Thirty-three patients with inflammatory-angiopathic neuropathy diagnosed by sural nerve biopsy, were investigated to determine the underlying disease. Twenty-six patients had symmetrical sensorimotor polyneuropathy and seven had mononeuropathy multiplex. An aetiology for inflammatory-angiopathic neuropathy was found in only eight patients: typical collagen vascular disease in five and malignant tumour in three. Sixteen patients received prednisone and/or immunosuppressive drug therapy and 12 (75%) responded to treatment. This study demonstrates that typical collagen vascular diseases are not the most common cause of inflammatory-angiopathic neuropathy, that symmetrical polyneuropathy is seen in 75.8% of inflammatory-angiopathic neuropathy patients. Prednisone and/or immunosuppressive agents appear effective regardless of aetiology.

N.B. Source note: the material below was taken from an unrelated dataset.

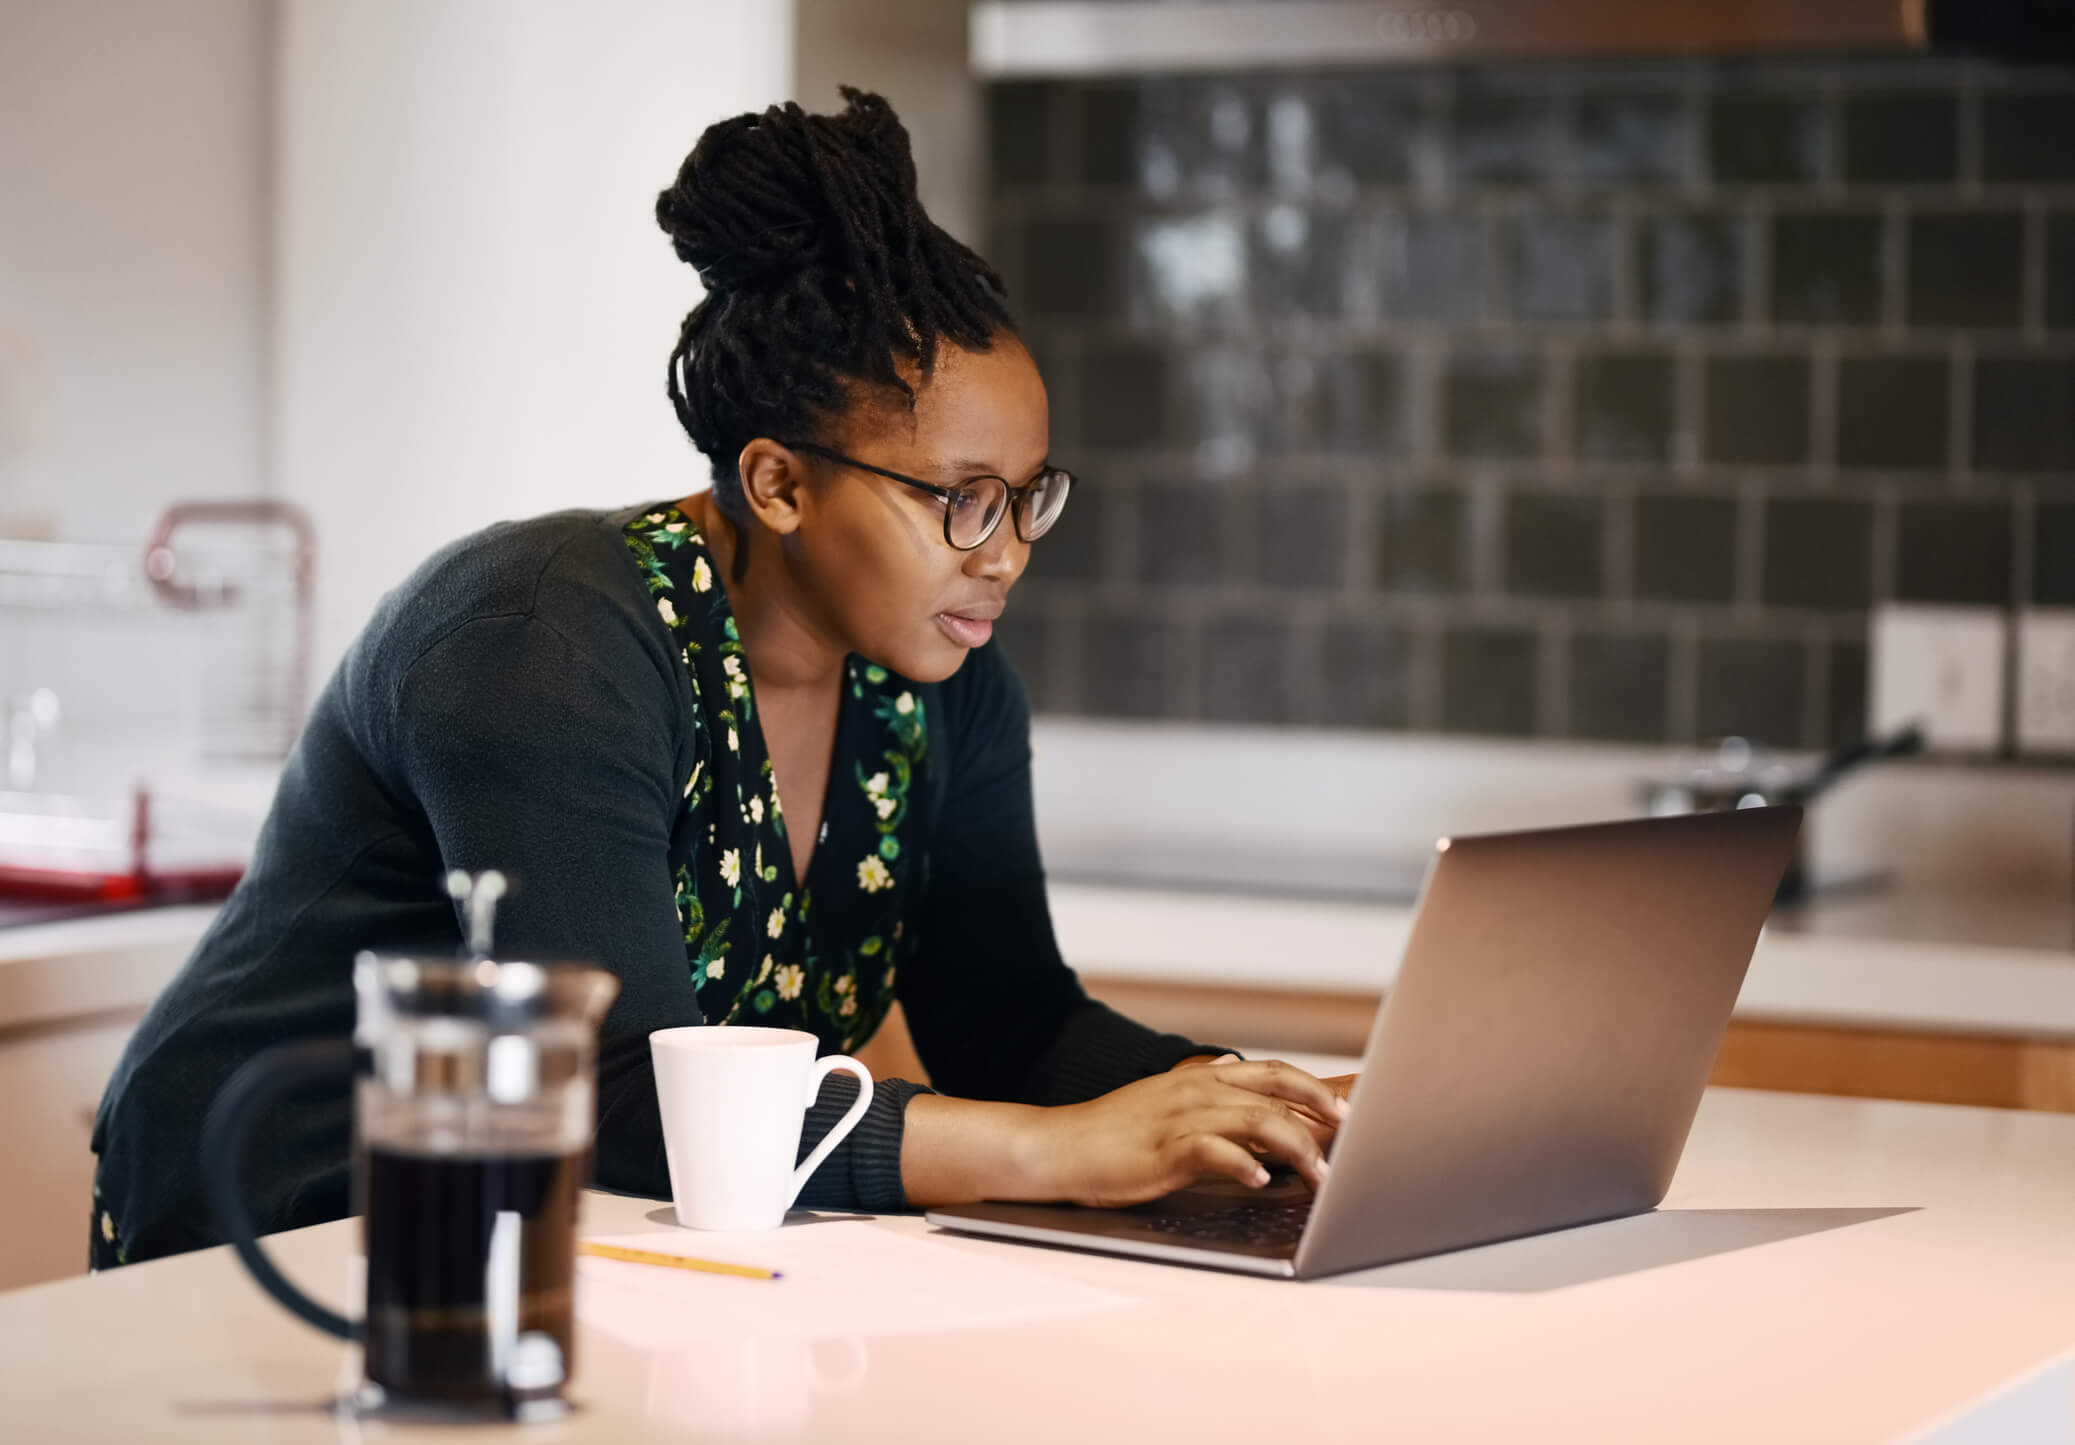 Mid-adult Black woman searching for information on her laptop. She is sitting at the kitchen island inside her home while drinking a cup of coffee.
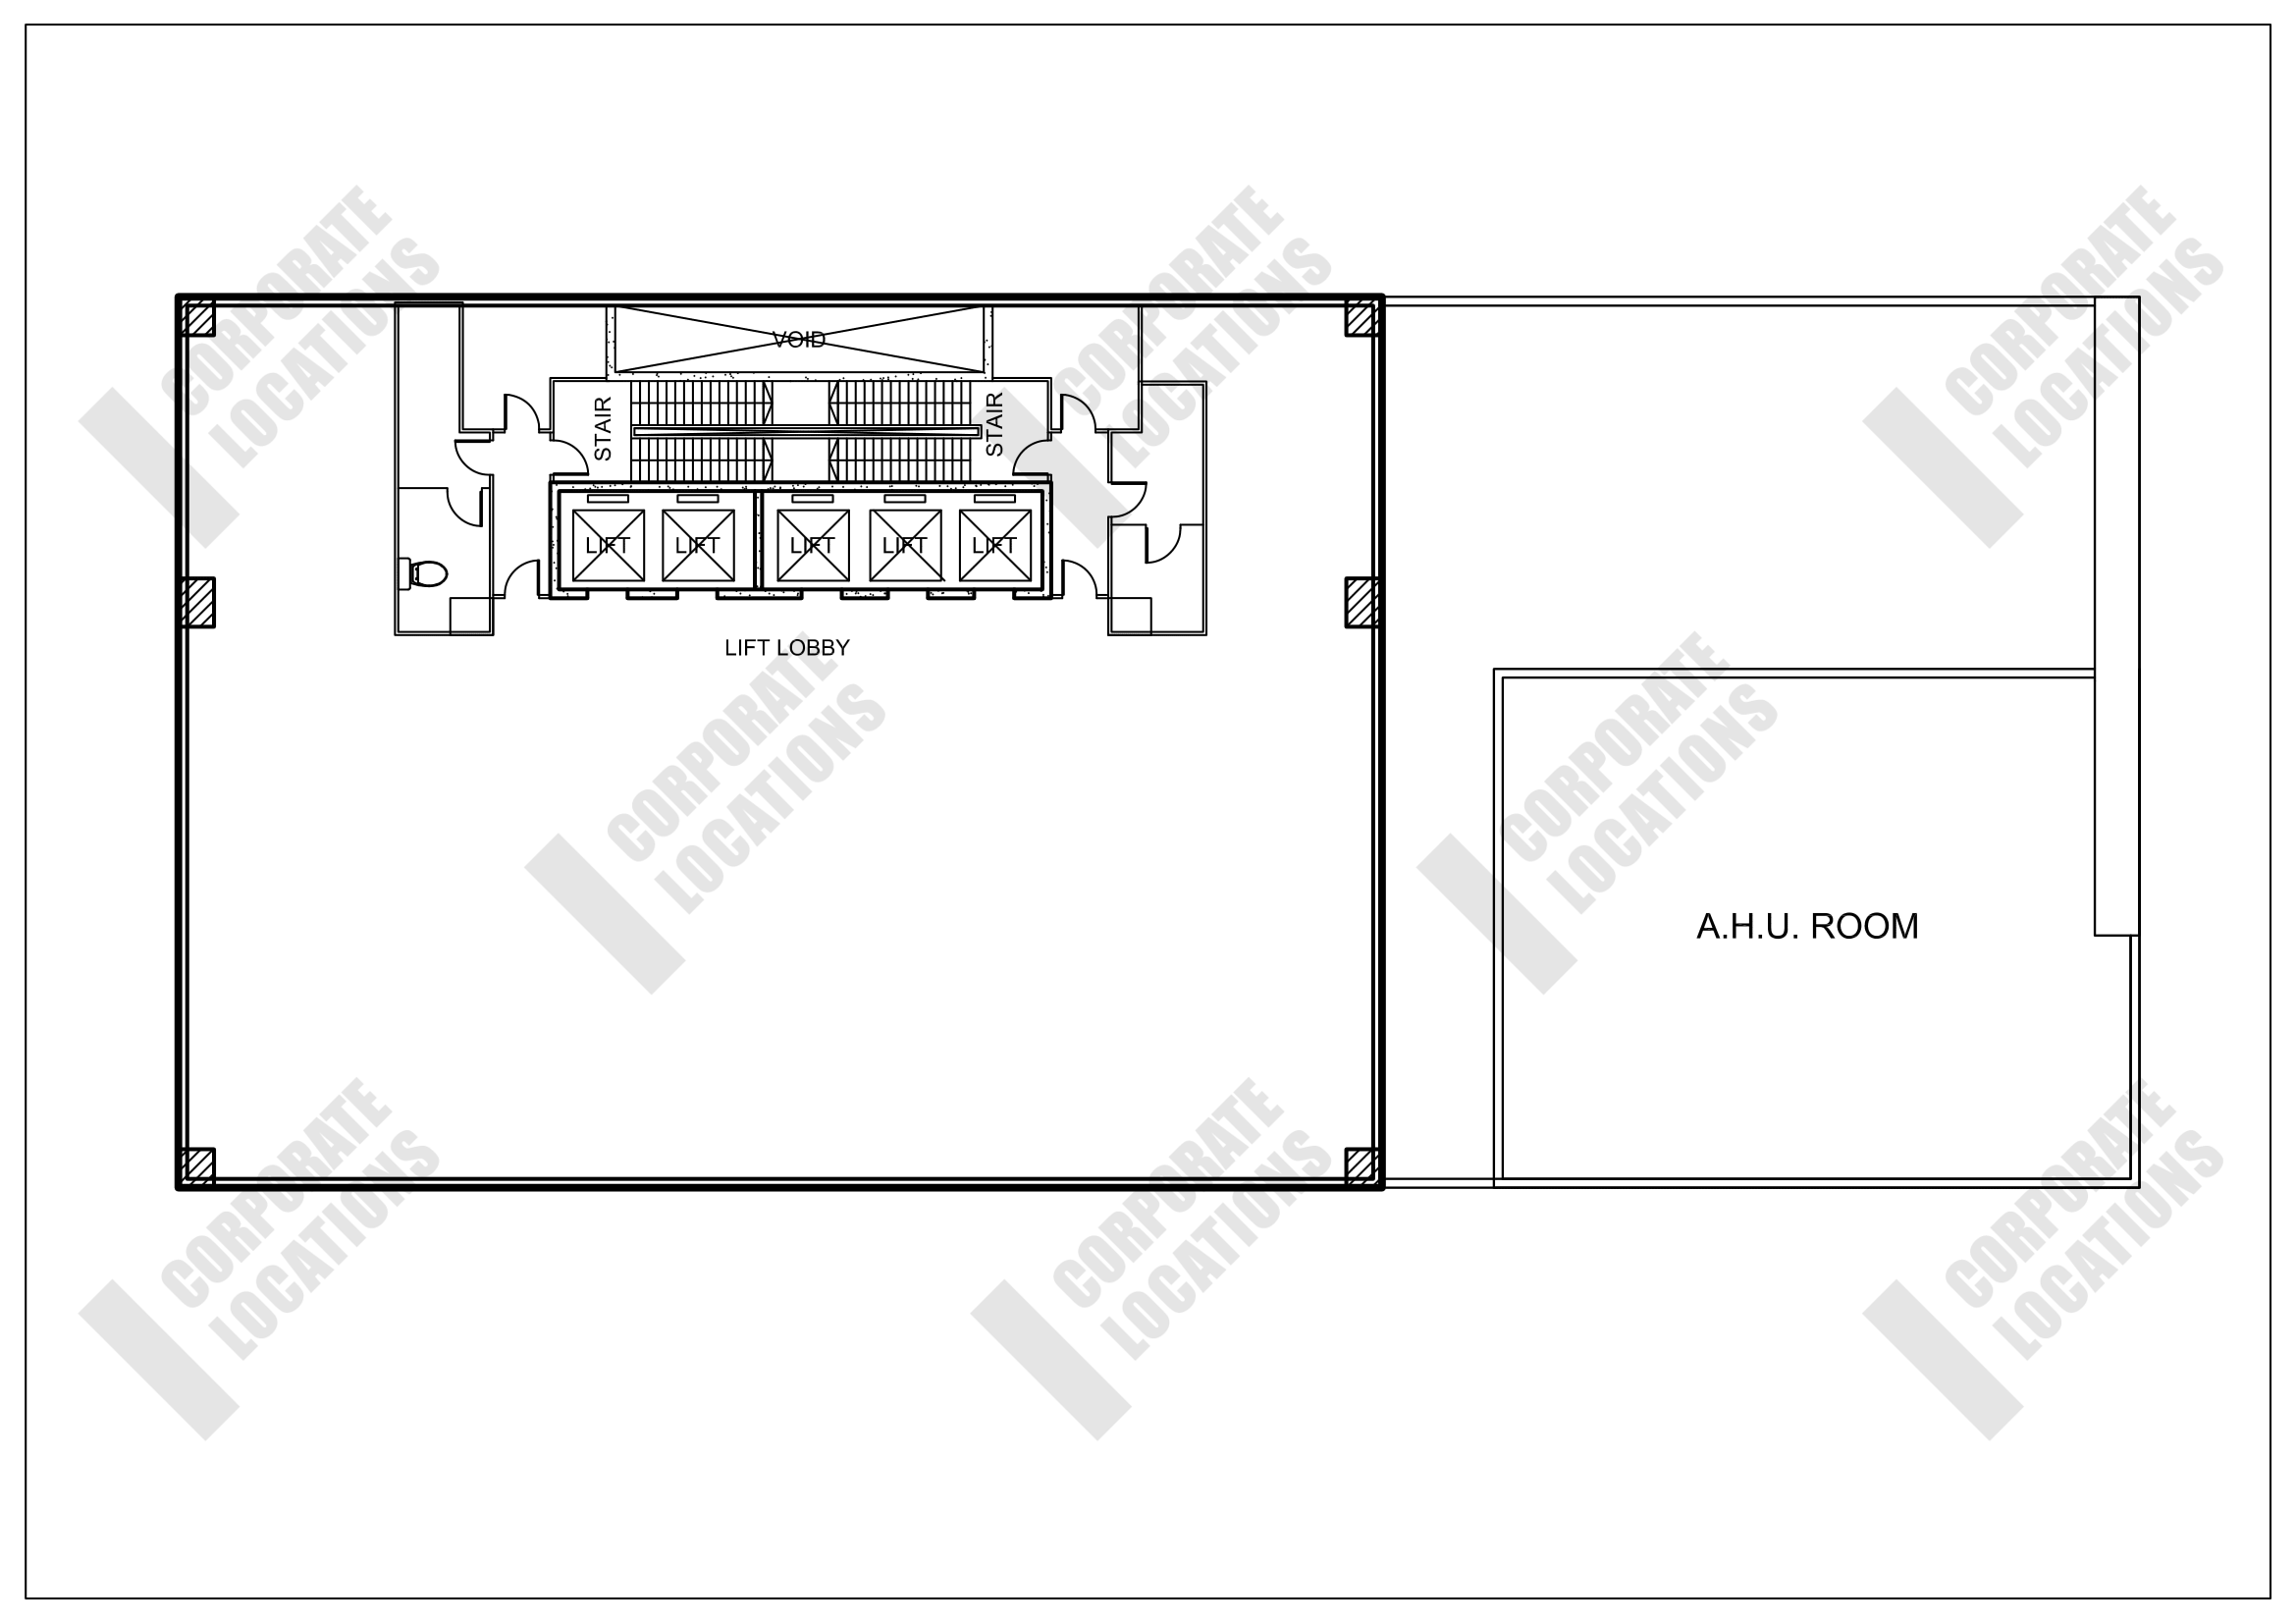 Floorplan Guangdong Investment Building

对33例经腓肠神经活检诊断为炎性血管病性神经病的患者进行了调查,以确定其潜在疾病。26例患者患有对称性感觉运动性多发性神经病,7例患有多灶性单神经病。仅在8例患者中发现了炎性血管病性神经病的病因:5例为典型的胶原血管病,3例为恶性肿瘤。16例患者接受了泼尼松和/或免疫抑制药物治疗,其中12例(75%)对治疗有反应。本研究表明,典型的胶原血管病并非炎性血管病性神经病的最常见病因,75.8%的炎性血管病性神经病患者表现为对称性多发性神经病。无论病因如何,泼尼松和/或免疫抑制剂似乎都有效。